Buyer and Seller Save Big With Creative Tax Solutions

Situation Overview:

The owner of a service company that installs and maintains heavy equipment for commercial buildings was interested in selling his company and had found a buyer. The seller knew the buyer and was confident his company would be in good hands. However, the buyer did not have cash available to purchase the company up front, so the seller agreed to accept an installment note in lieu of cash.

A stock sale would have been the most beneficial to the seller because it would allow the entire sale to be taxed at the lower capital gain rates and avoid some of the problems (discussed below) that are involved with assets sold under an installment note. At the same time, a stock sale would not have been attractive enough to appeal to a buyer because it would not offer the significant tax deductions available under an asset sale*. As such, the best course of action (and the only course of action for the seller) was an asset sale.


The owner, a longtime client of WBL, asked the firm to review his deal and identify any tax-related issues. Upon review, WBL identified two potential barriers to the transaction:

  • Because the seller had fully depreciated his fixed assets, his overall net tax basis in the assets of the company was very low but he had significant stock basis due to the cumulative earnings of the company. Therefore, the asset sale would generate a much larger gain due to the agreed-upon purchase price allocation and thus a much larger tax liability than a stock sale.
  • Assets and liabilities transferred in the sale include fully depreciated fleet vehicles and their notes-payable. Tax rules require that transfer of these assets and liabilities be recognized as additional income to the seller in the initial year of sale rather than over the life of the installment note. Therefore, as a result of the installment sale, the seller would not receive enough cash in the first year to cover his first-year tax.

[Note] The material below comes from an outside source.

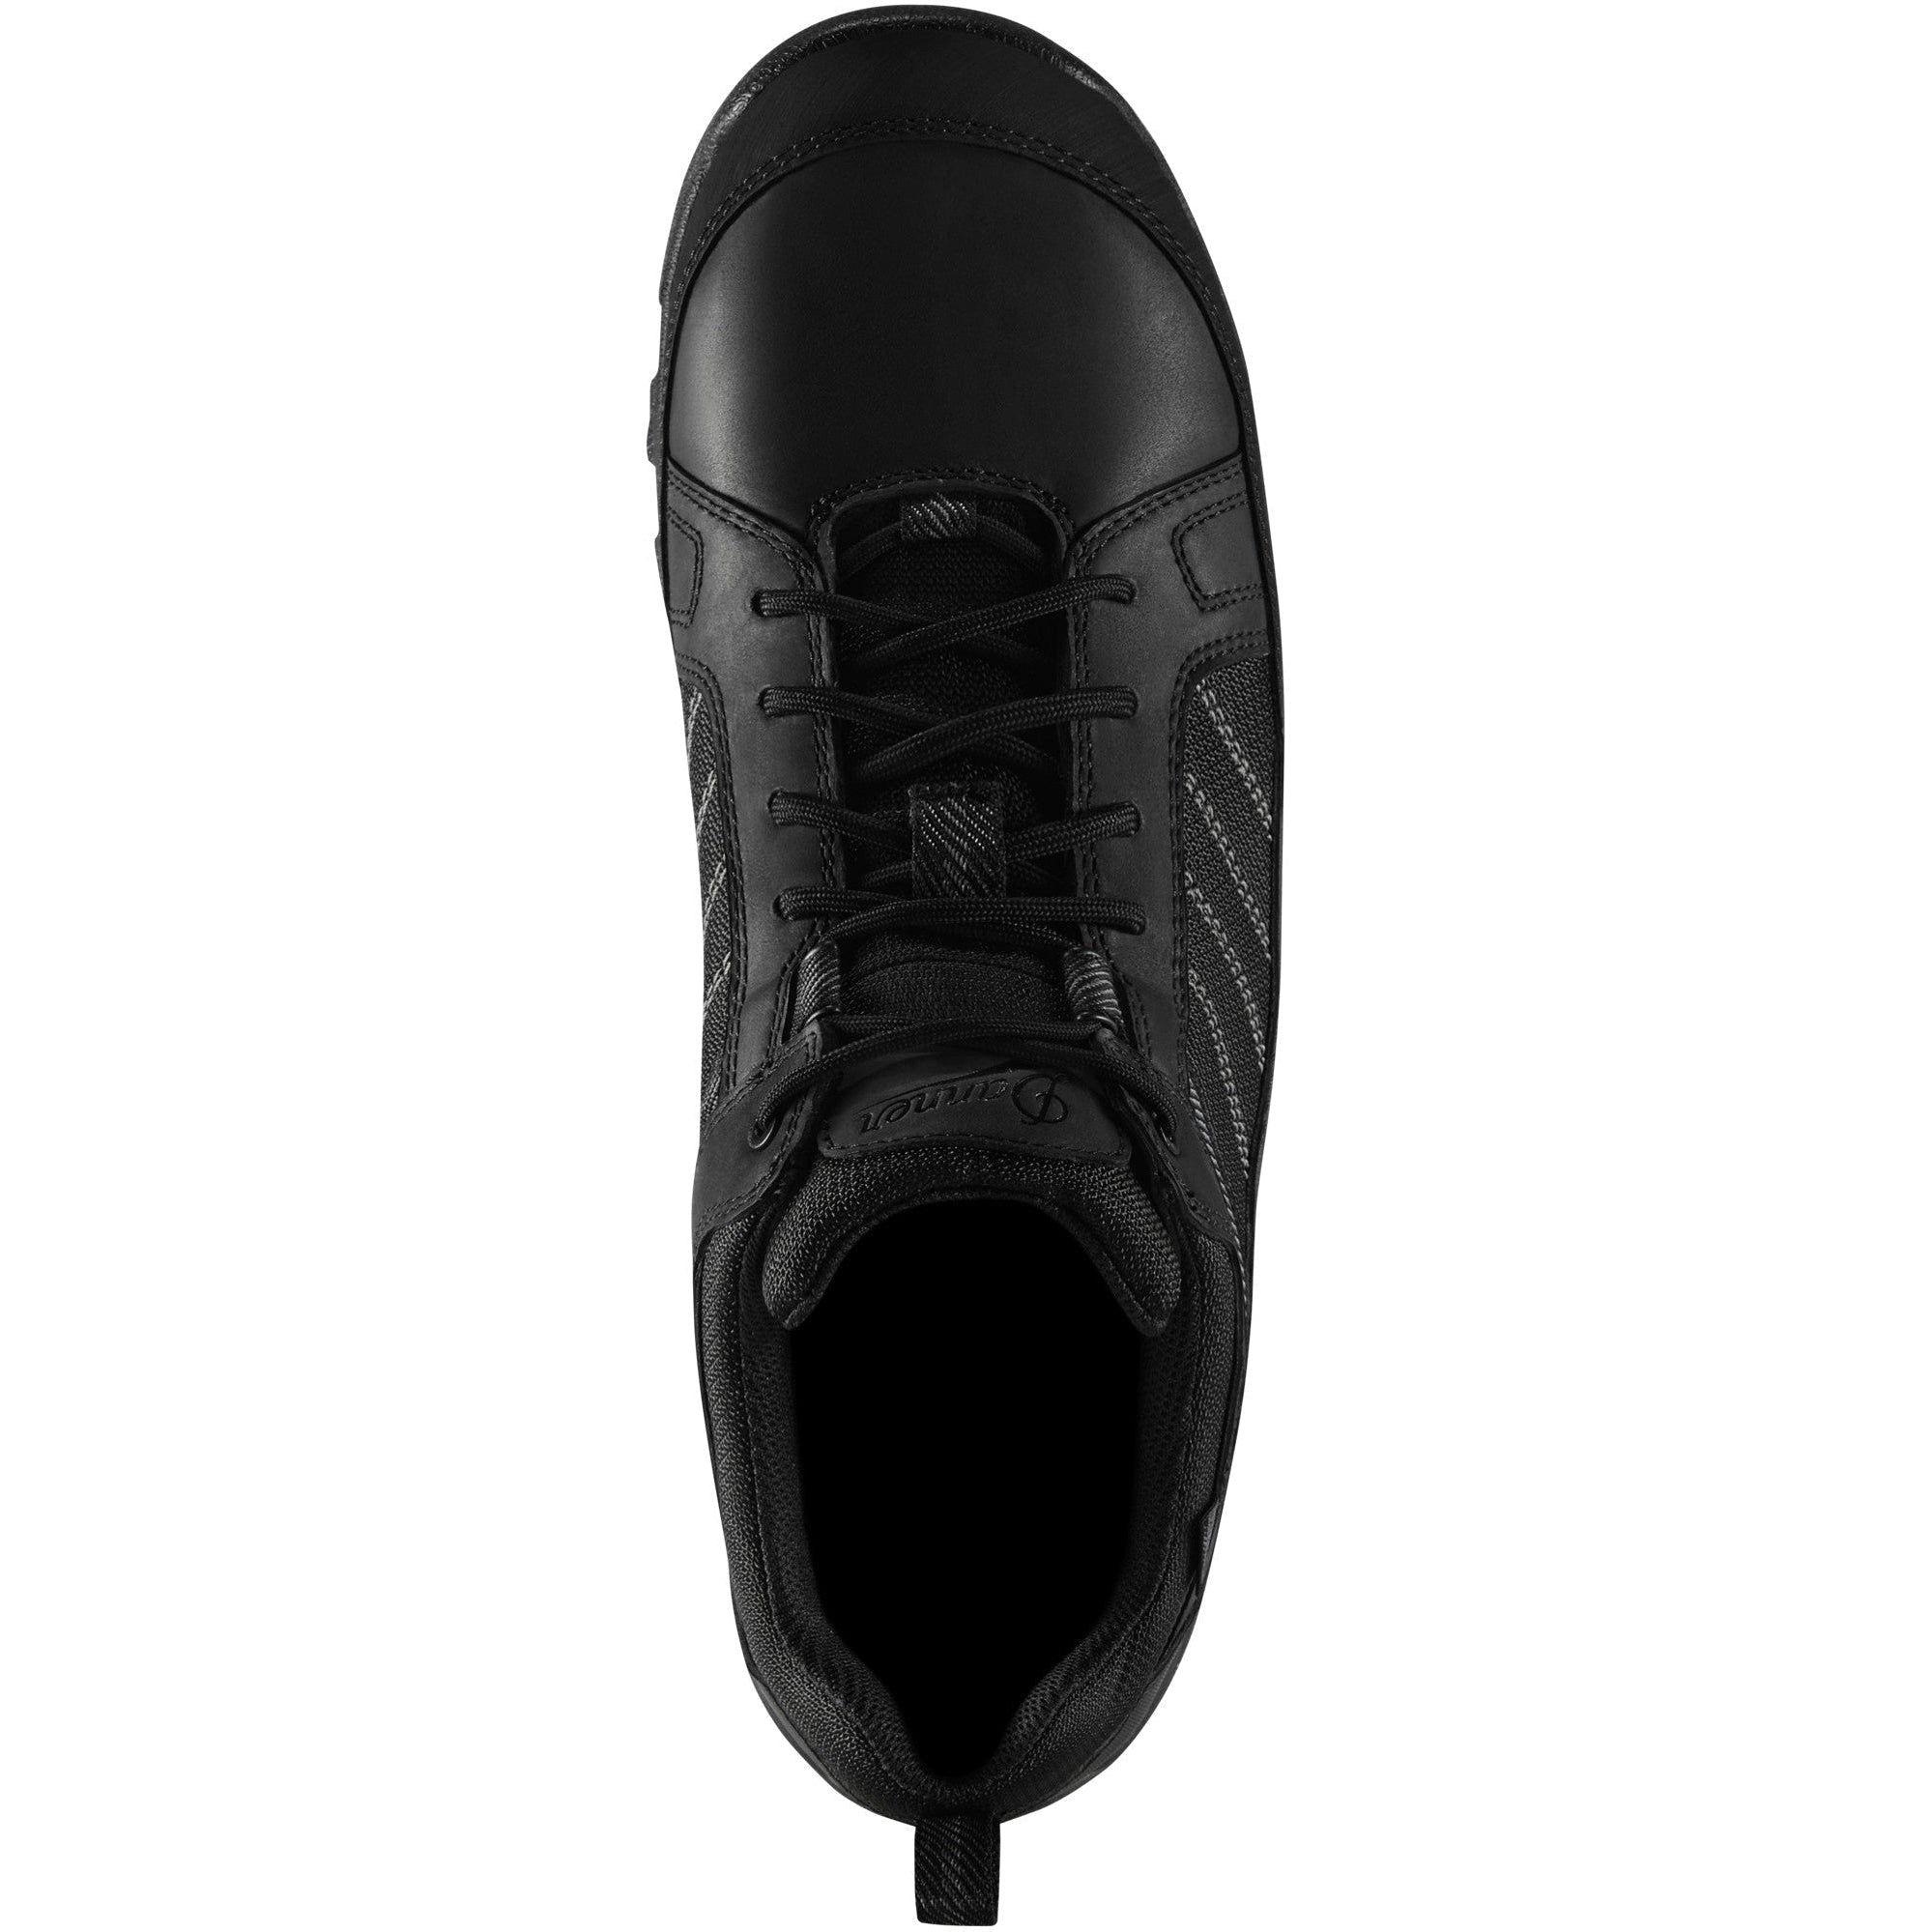 Danner Men's Riverside 3" Steel Toe WP Work Boot - Black - 15344  - Overlook Boots
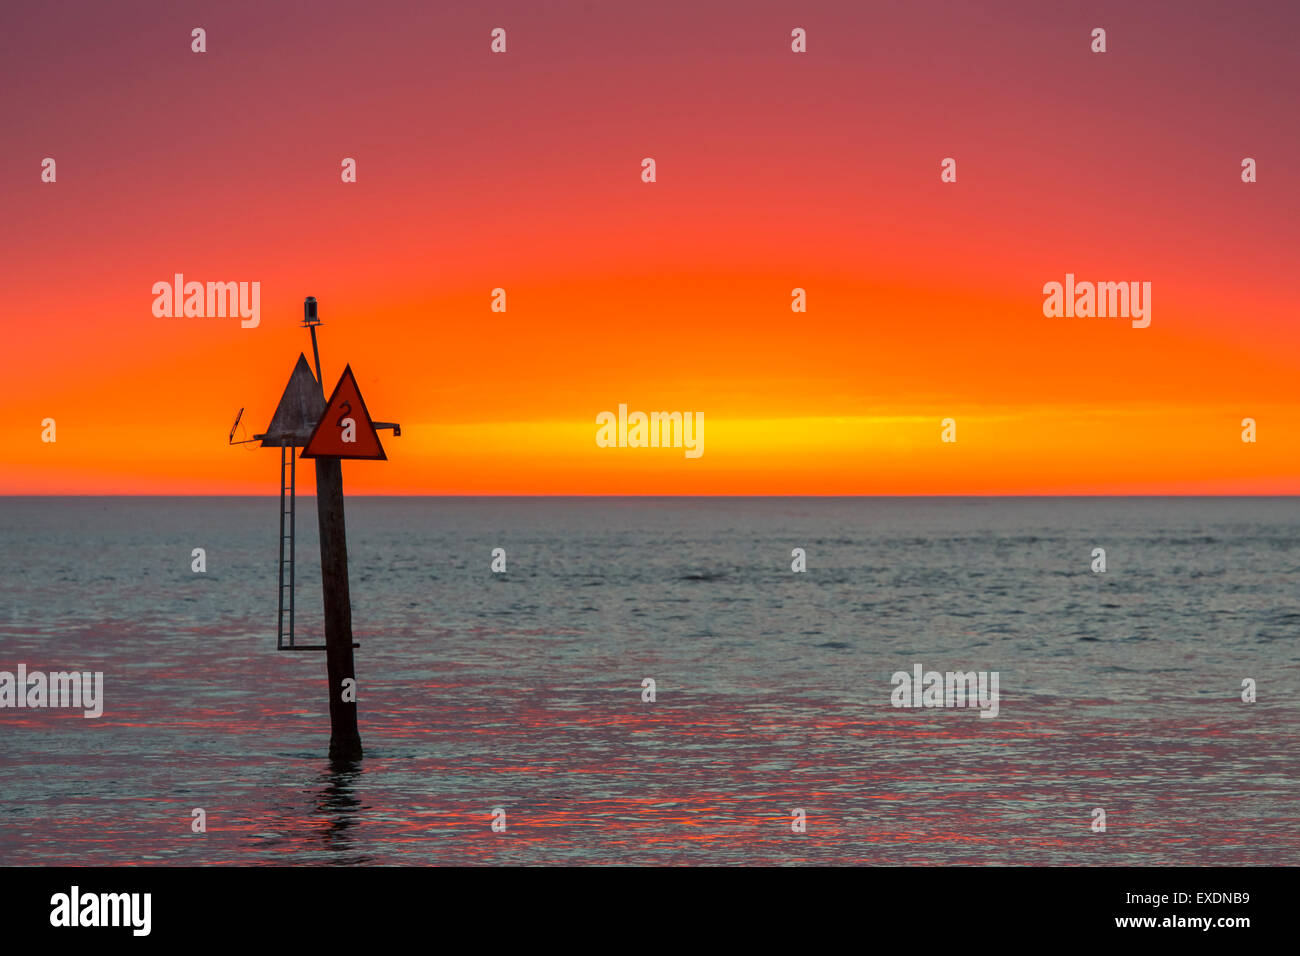 Navigazione marker per via navigabile nel Golfo del Messico presso il Molo Venezia in Florida con il cielo al tramonto Foto Stock

To avoid triggering additional income in the initial year of sale and help reduce some of the seller’s overall taxable gain, WBL recommended:

  • The seller should retain the title and the note obligations of the fleet vehicles and instead lease the vehicles to the buyer under a bona fide operating lease.
  • Use the proceeds of the installment note coming into the seller’s company to redeem the selling company’s stock.


The lease arrangement reduced the overall gain on the assets and the sales proceeds being recognized in the initial year.  This reduced the seller’s initial year tax liability by almost 50% and his overall tax liability by almost 4% compared to his liability had he included the fleet vehicles in the asset sale. The proceeds from the installment note were now sufficient to cover the tax in the year of sale.

Redeeming the seller’s stock created a capital loss for the seller, partially offsetting the gain on the sale of the assets and making it equal to the gain that would have been realized under a stock sale. The redemption of stock reduced the seller’s overall tax liability by over 20% compared to an asset sale with no redemption of stock.

As a result of these two actions, the deal now had beneficial tax and cash flow outcomes for both parties by:

  • Creating an overall tax liability savings to the seller of around 25%, including almost 50% in the initial year of sale, and
  • Providing the buyer with significant tax deductions that can be claimed during the 15 years following the purchase.
* An asset sale can be the purchase of all or some of the assets and liabilities of a company. The sales price of an asset sale is allocated amongst the assets according to each asset’s fair market value and becomes the buyer’s tax basis in these assets. Often, the value allocated to the asset is greater than the seller’s tax basis, resulting in an increase in the basis of these assets in the hands of the buyer. This can generate significant tax deductions for the buyer during the tax life of the assets purchased.